▶ [ACTIVITY]: Repeat only the lines between the one with "8014_8267_9331-Borajet_Dergisi" and the end of the material below, both ends included. Omit any picture.

▶ [DATA EXTRACT]:
□ □ □
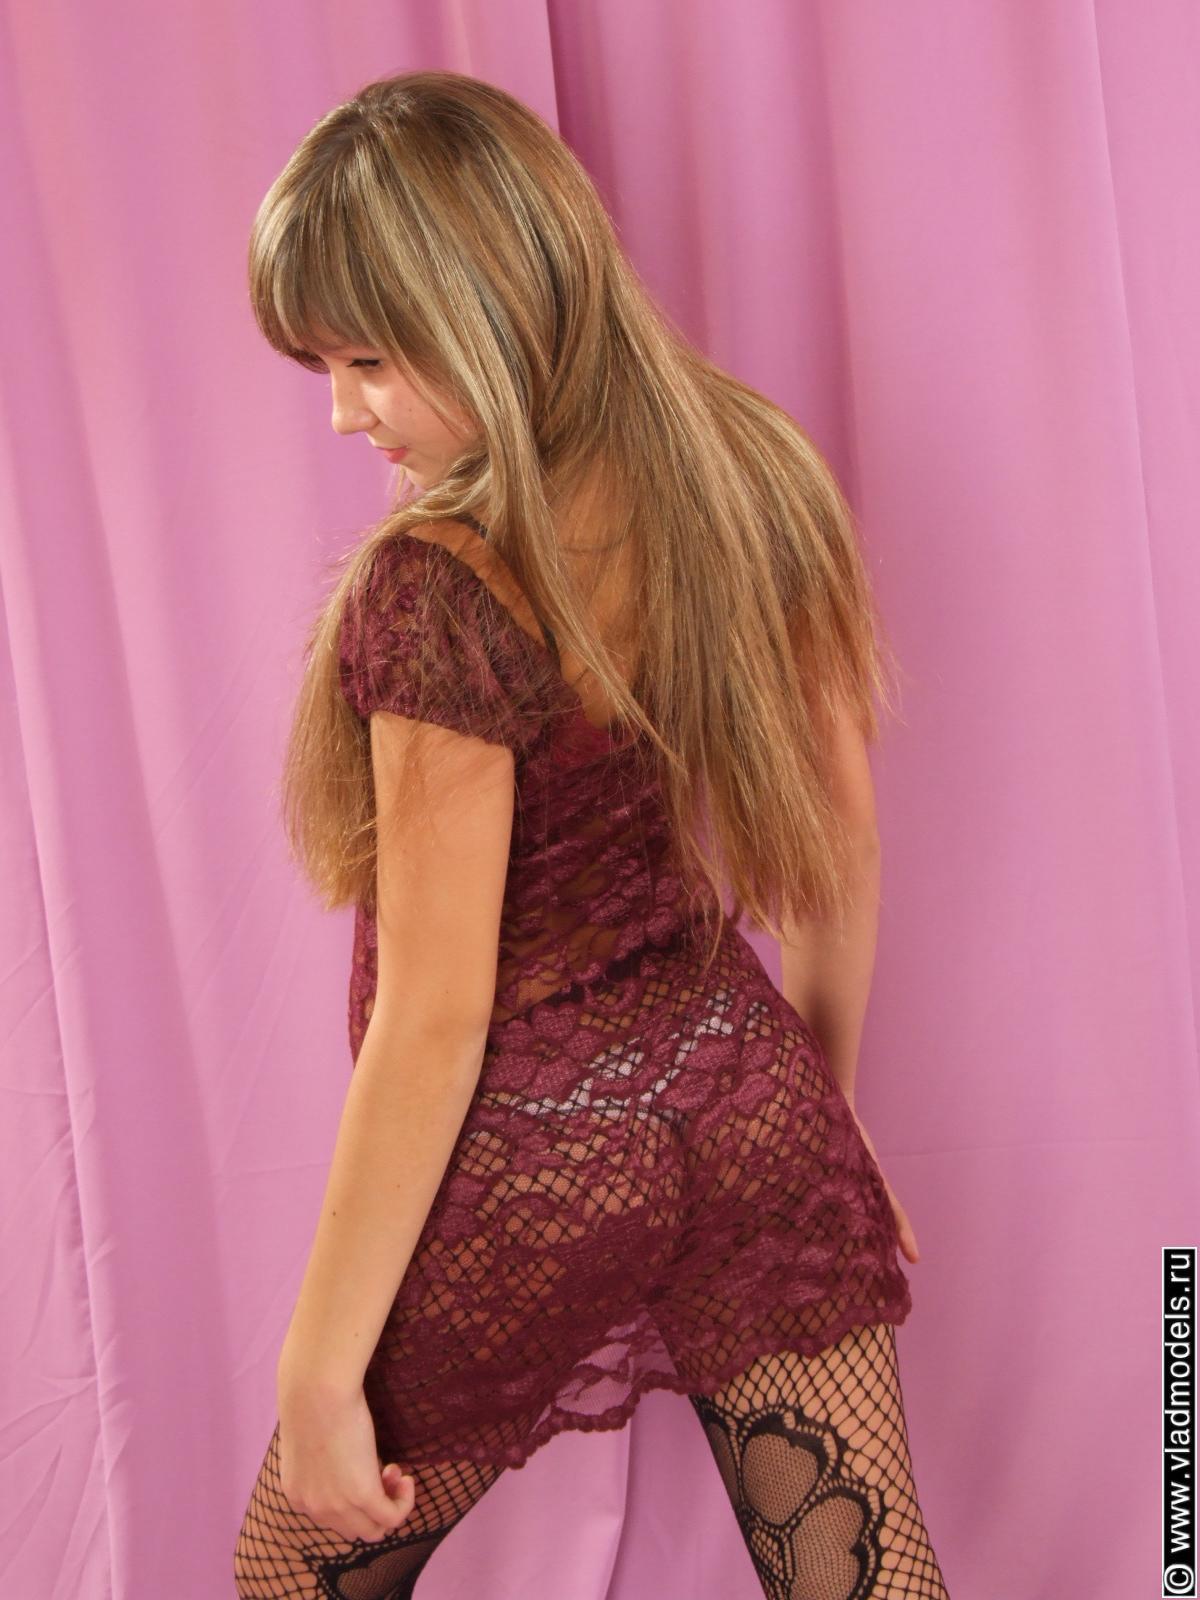 VLADMODELS IRA Y160 - SET 47 74P   Free hot girl pics
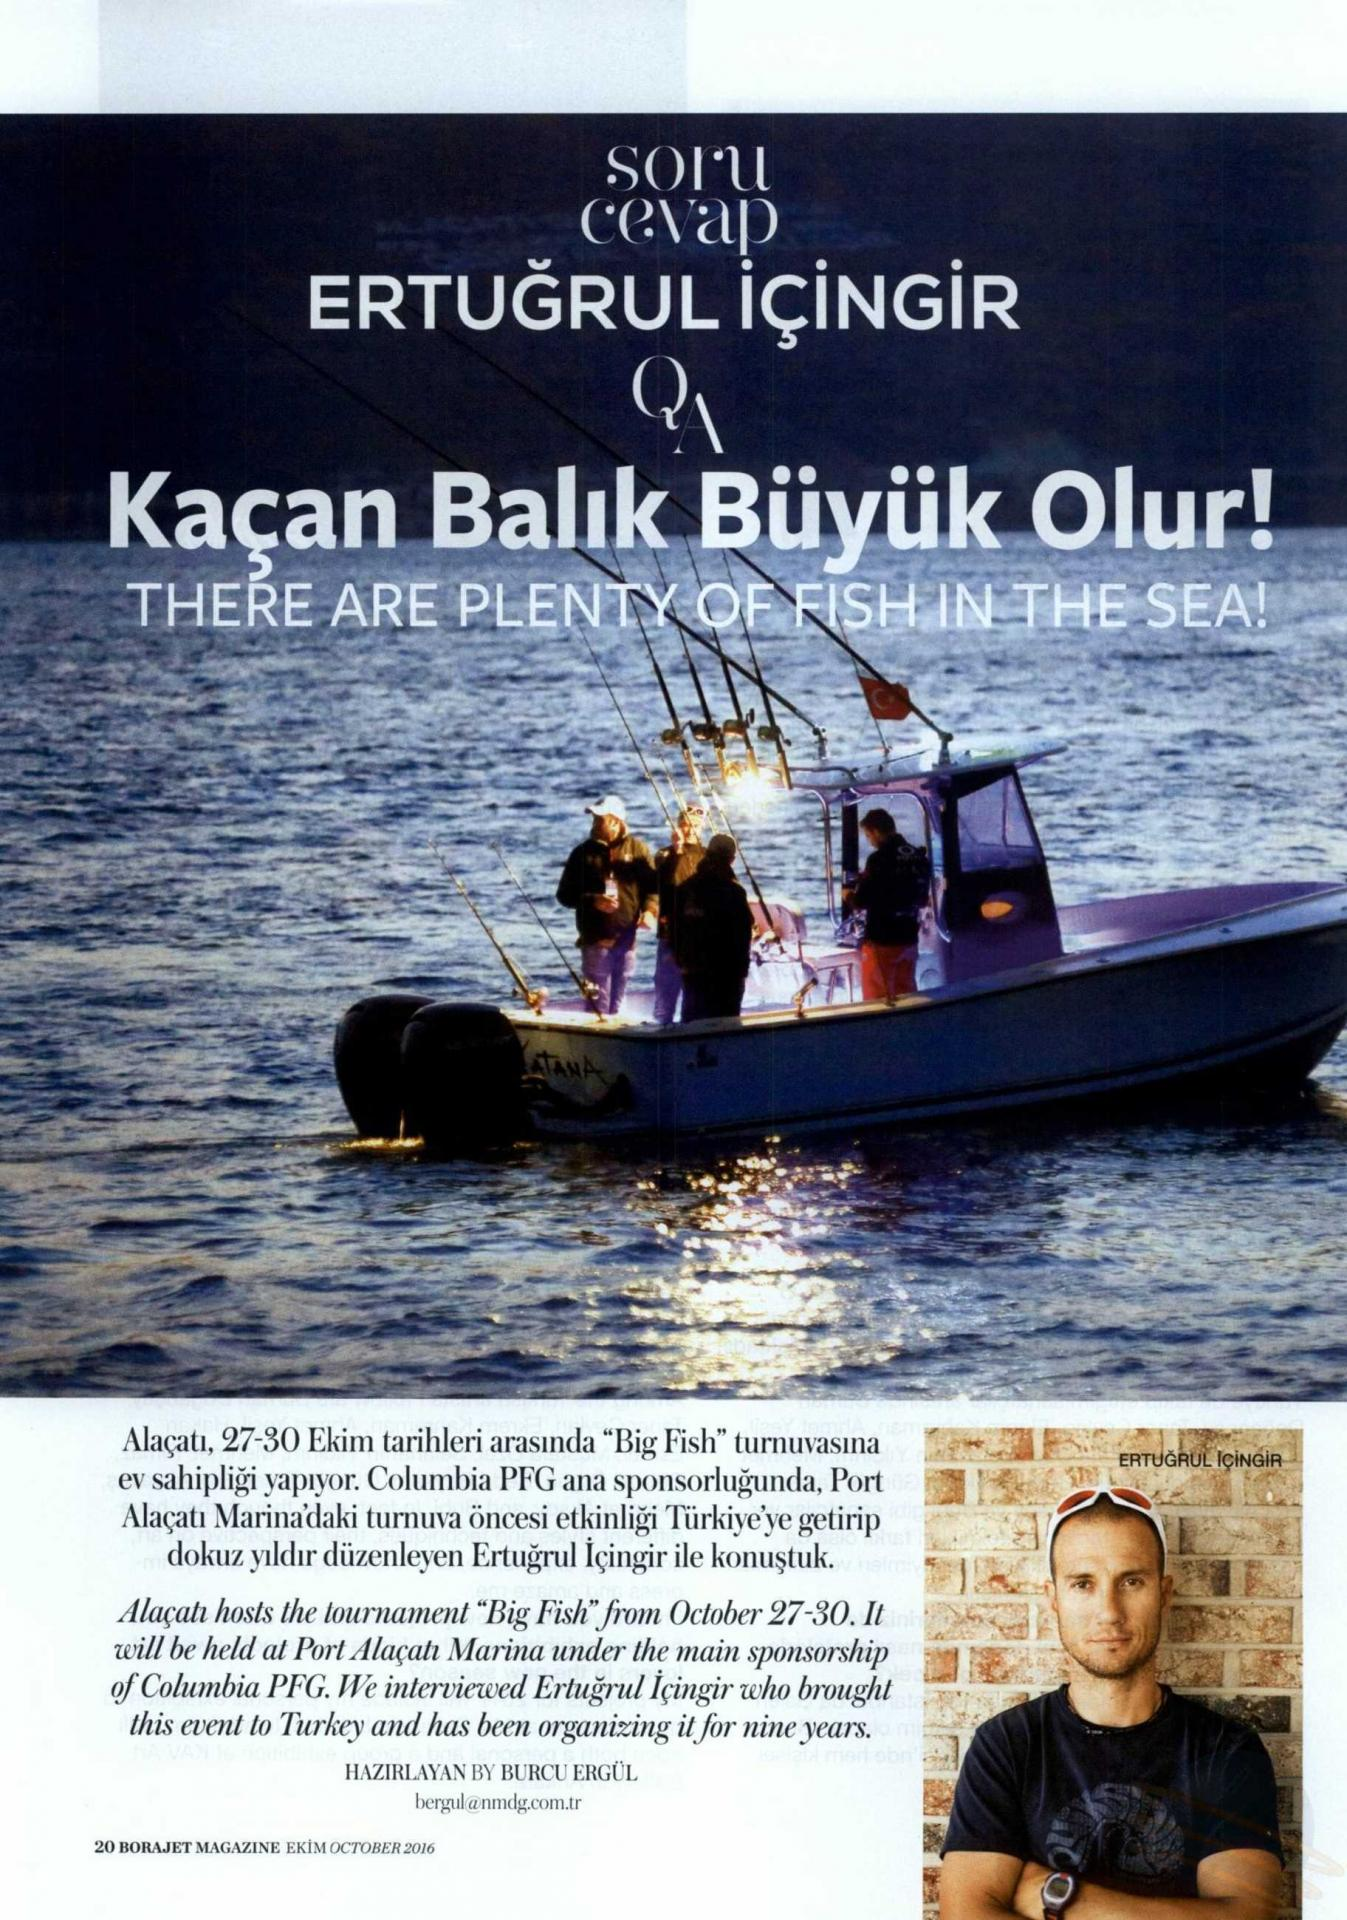 8014_8267_9331-Borajet_Dergisi
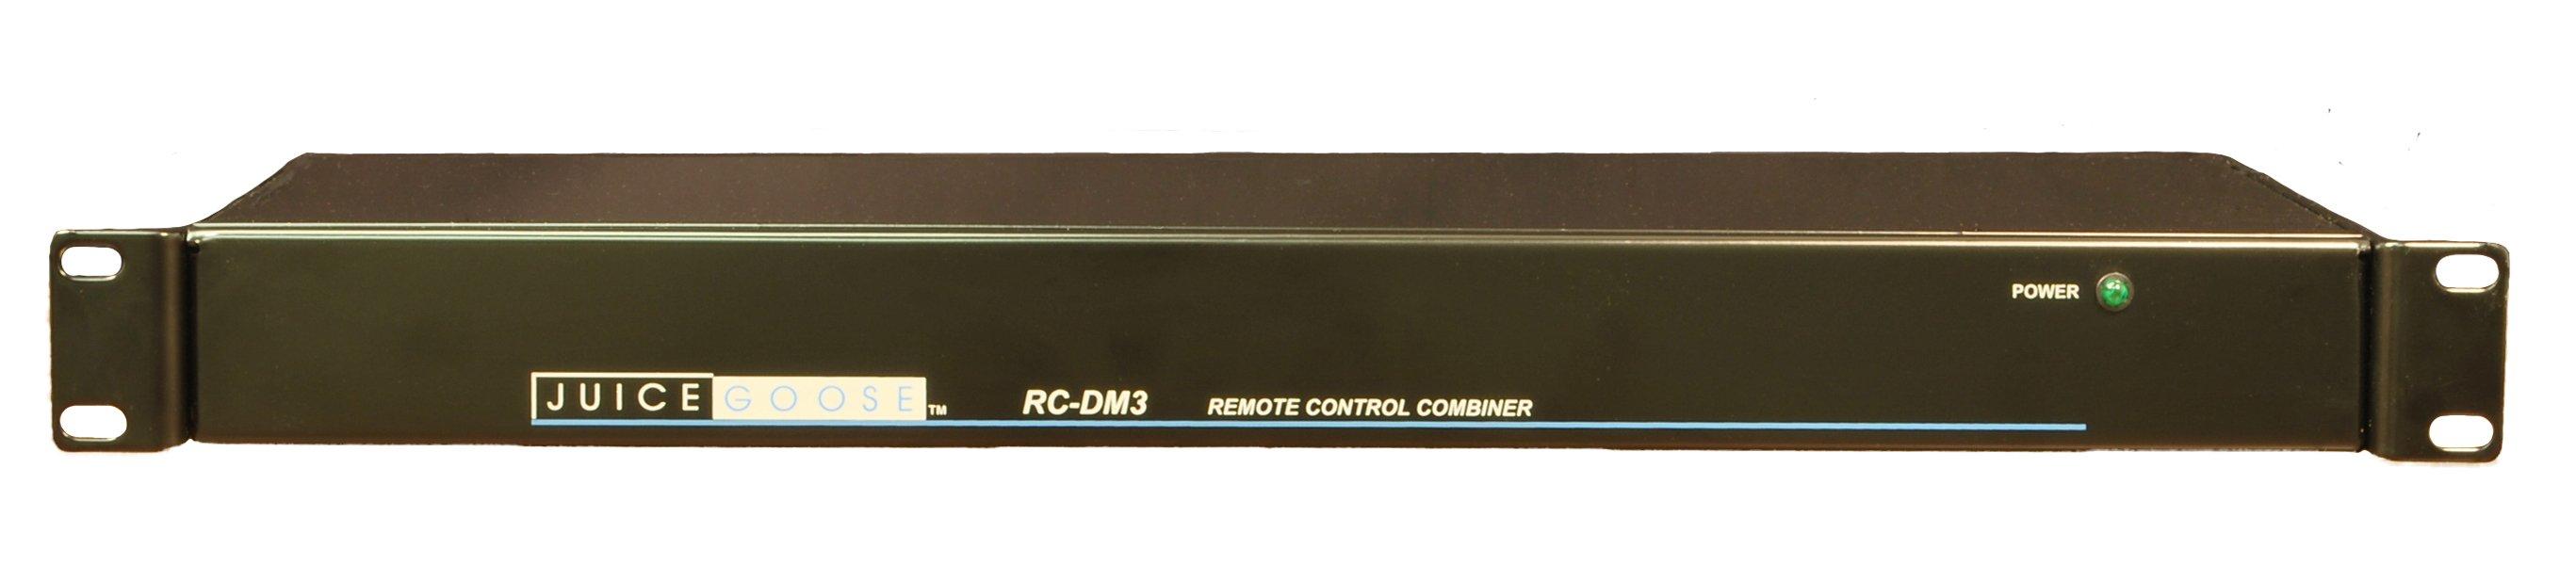 Juice Goose RCDM3  CQ Remote Combiner/Monitor  RCDM3
□ □ □
▶ [ANSWER]:
 8014_8267_9331-Borajet_Dergisi
 Juice Goose RCDM3  CQ Remote Combiner/Monitor  RCDM3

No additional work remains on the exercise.